There are a lot of projects out there that let you own your data, but usually that means you go buy a raw server. Ain't nobody got time for that, where "nobody" means "my relatives." What we need is something that's absolutely brain-dead easy to use, and that simulates a social network they're already using. That means it has to have content, which means it has to be pretty agnostic about what it allows you to "friend." Under the hood it's mostly an RSS/Atom reader, but it's also got to make use of as many proprietary APIs as it can, to pull in Instagram, Twitter, Facebook, whatever the stuff they want to follow is on. Of course, since ideally those "friends" catch on and bail on the silo'd, privacy-hungry social networks, being able to use those APIs for long is going to be a problem.

Let's do this

Add your thoughts (or links to your thoughts) to the /home/silver/public_html/projects/pumpkin_spice.txt file, or put them in the tilde.projects Usenet group. I'll add them here as I go. Unattributed bits are my own.


To "join" Pumpkin Spice, a user needs to install the Pumpkin Spice program, which runs under Windows. (And Mac and Linux and stuff, but c'mon, we're appealing to my relatives here which means Windows.) Maybe that means a Firefox plugin, maybe that means a standalone program. But that's it.

To read stuff, they don't need anything except an Internet connection. Getting hooked into the "network" might be a little difficult, but presumably they're Pumpkin Spicing because they want to connect to someone or something. We'll say it's one of my relatives, and they want to "friend" me here in ~club. They click the bookmarklet or whatever, and that's it.

Under the hood, as I said, it's a feed reader, but it displays the feed just like a Facebook user page, or just like a Twitter page, or just like a G+ page. Comments/replies, likes/pluses/faves, and shares/retweets are a little tougher to handle, but if PS recognizes the majors that is probably good enough.

So my hypothetical relative sees my ~, and maybe sees ~raven commenting or just linked or whatever, and subscribes to him too. Now there's enough for a Facebook wall, or a Twitter homepage. But OH CAN YOU BELIEVE IT this relative is seeing every single post instead of just what FB wants to show. And in chronological order, reverse-chron, most recent comment, WHATEVER. It's controllable! Who knew that was even possible?! (Okay, I'm snarking.)

But I'm really just being followed, not friended. To really network, Relative needs an email address. Preferably one where they own the data and are the customer, but we won't be picky as long as PS can read/write to it. With that, when Relative subscribes, I get an email (sent to the email in my author or managingeditor fields) telling me so. And if Relative has their own PS feed, it sends me that.

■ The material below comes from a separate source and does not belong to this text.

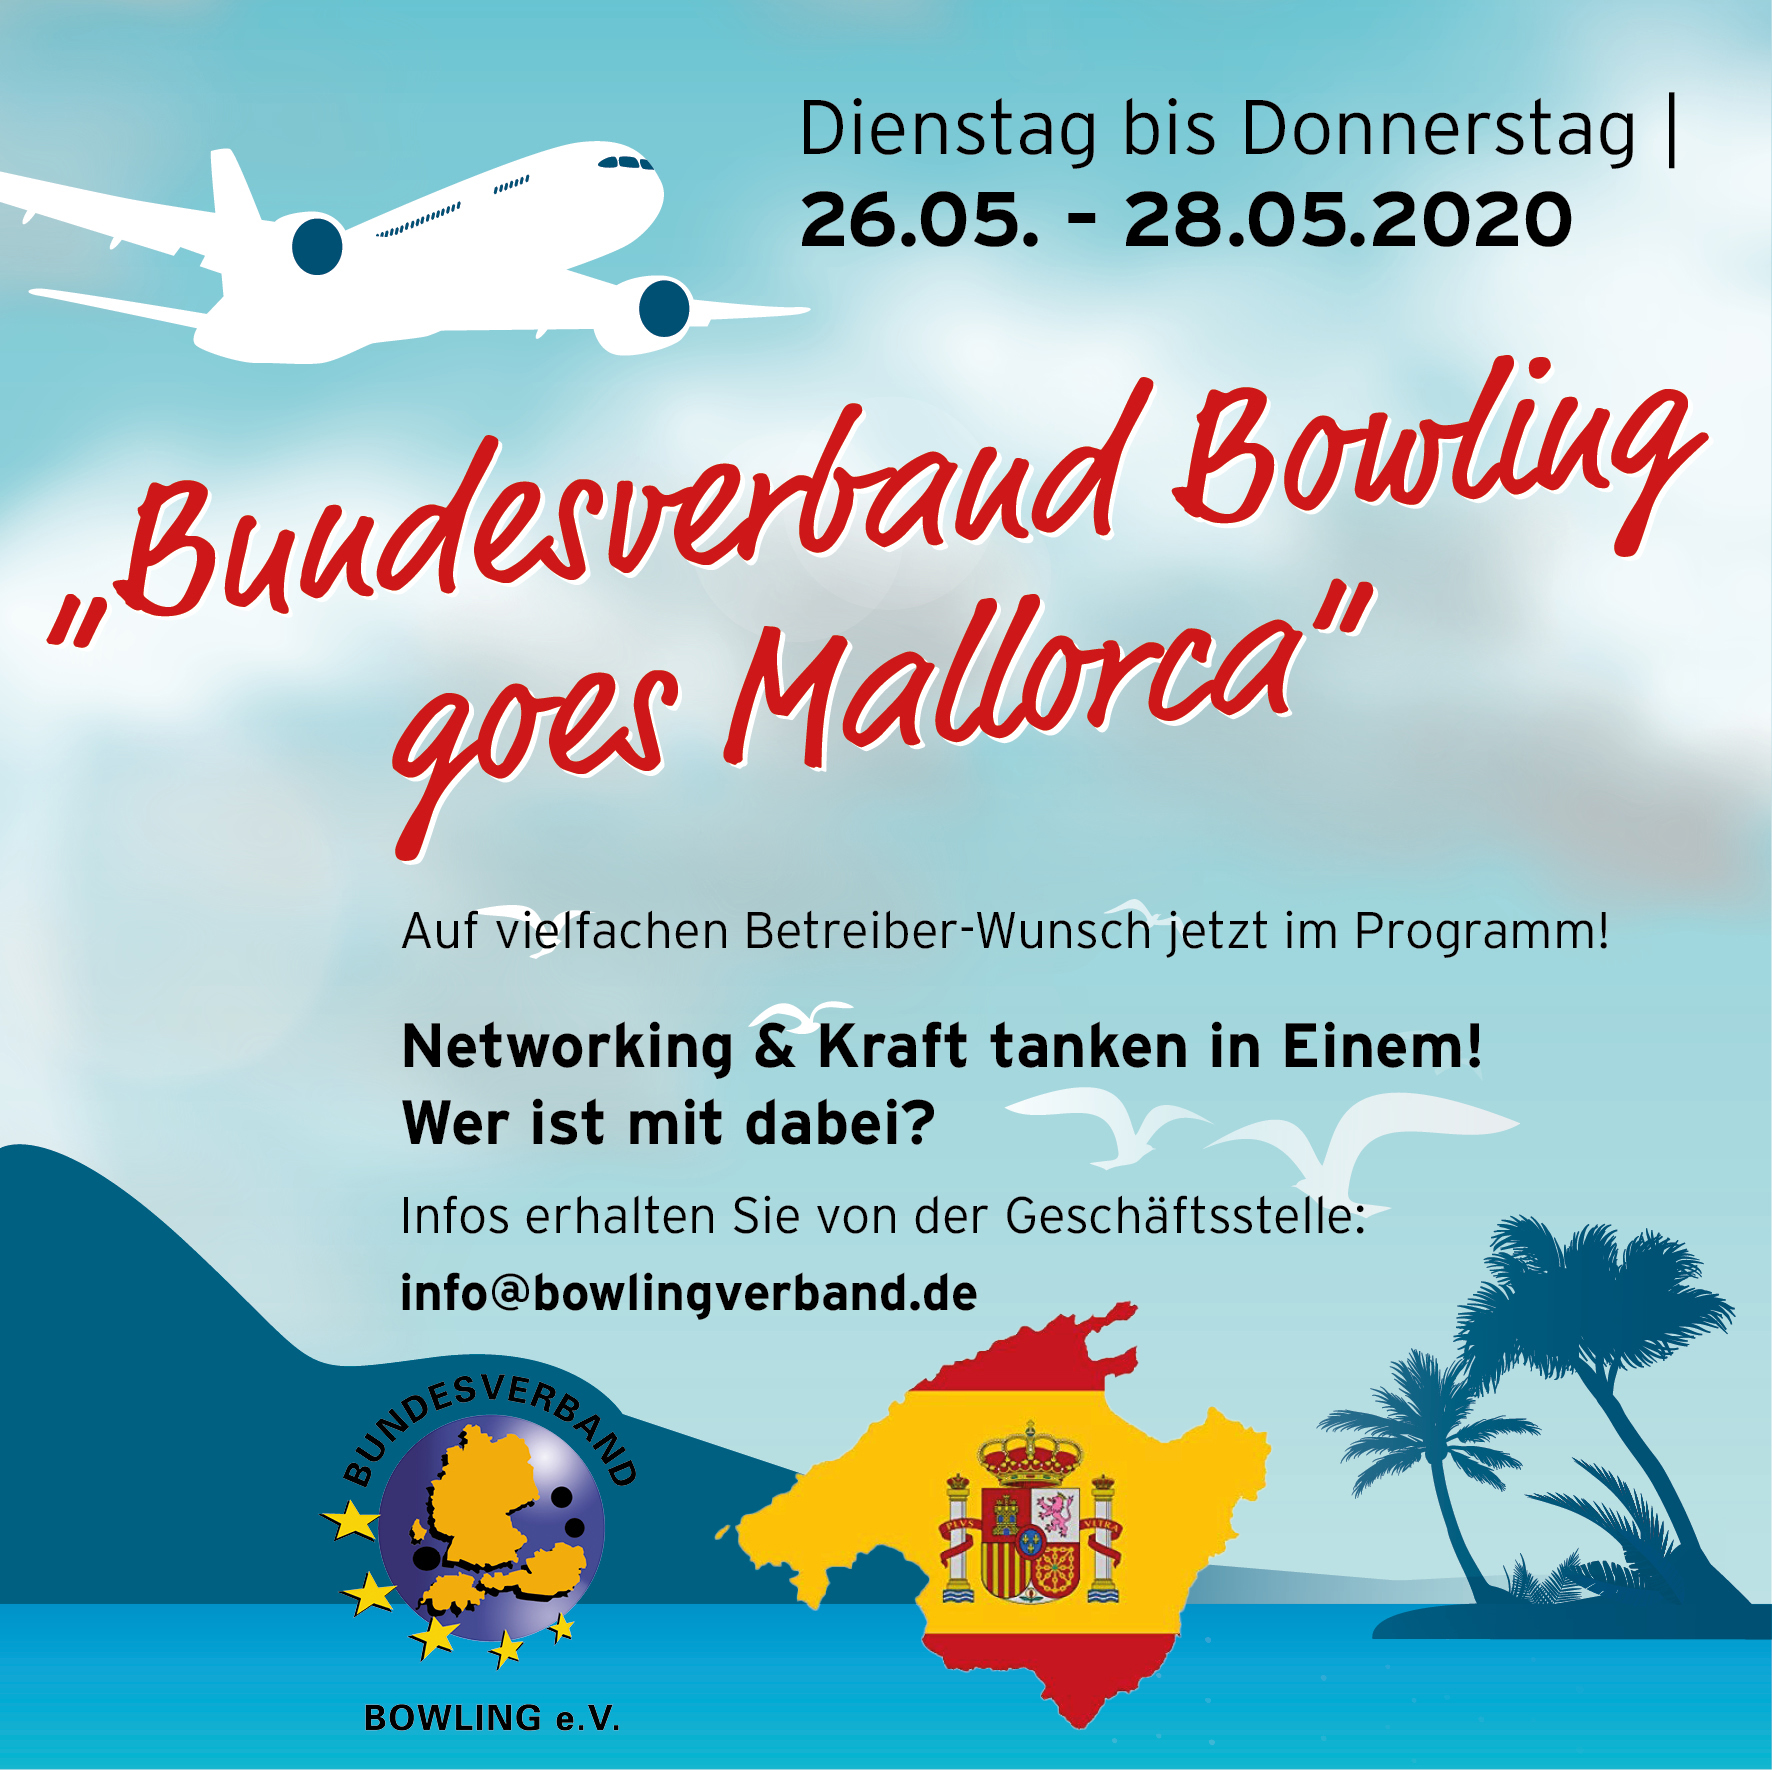 BVB goes Mallorca 2020

To have their own PS feed, they need a place to write and upload stuff. Maybe it's just a ~box, in which case PS takes whatever they write in the input box and formats it into a blog and FTPs it all up. Magic! Or maybe it's a WordPress site, in which case PS knows the WP API and Magic! Or, perish forfend, it's a Facebook account, in which case hopefully the client doesn't get banned and PS can just Magic!, but that still causes us a little problem because where's our syndication? Maybe we fall back to email, and Relative's PS install emails me with a "friend request" and my PS install says "well dang, you say you only have emailed syndication? Okay then" and when I say "accept the friend request" Relative's PS knows to email me a digest and my PS knows to treat it as more input for my wall. Ugly magic, but it's magic. PS will have to go with almost any flow because, again, these are relatives and we want them to adopt it.

Now, finding people is a little tough when there's no central server, so once we friend somebody we have to be able to see the friends they've published. Luckily, that's pretty easy: you publish an OPML and/or FOAF file.

Commenting becomes a bit more complicated. Okay, a lot. More on that later.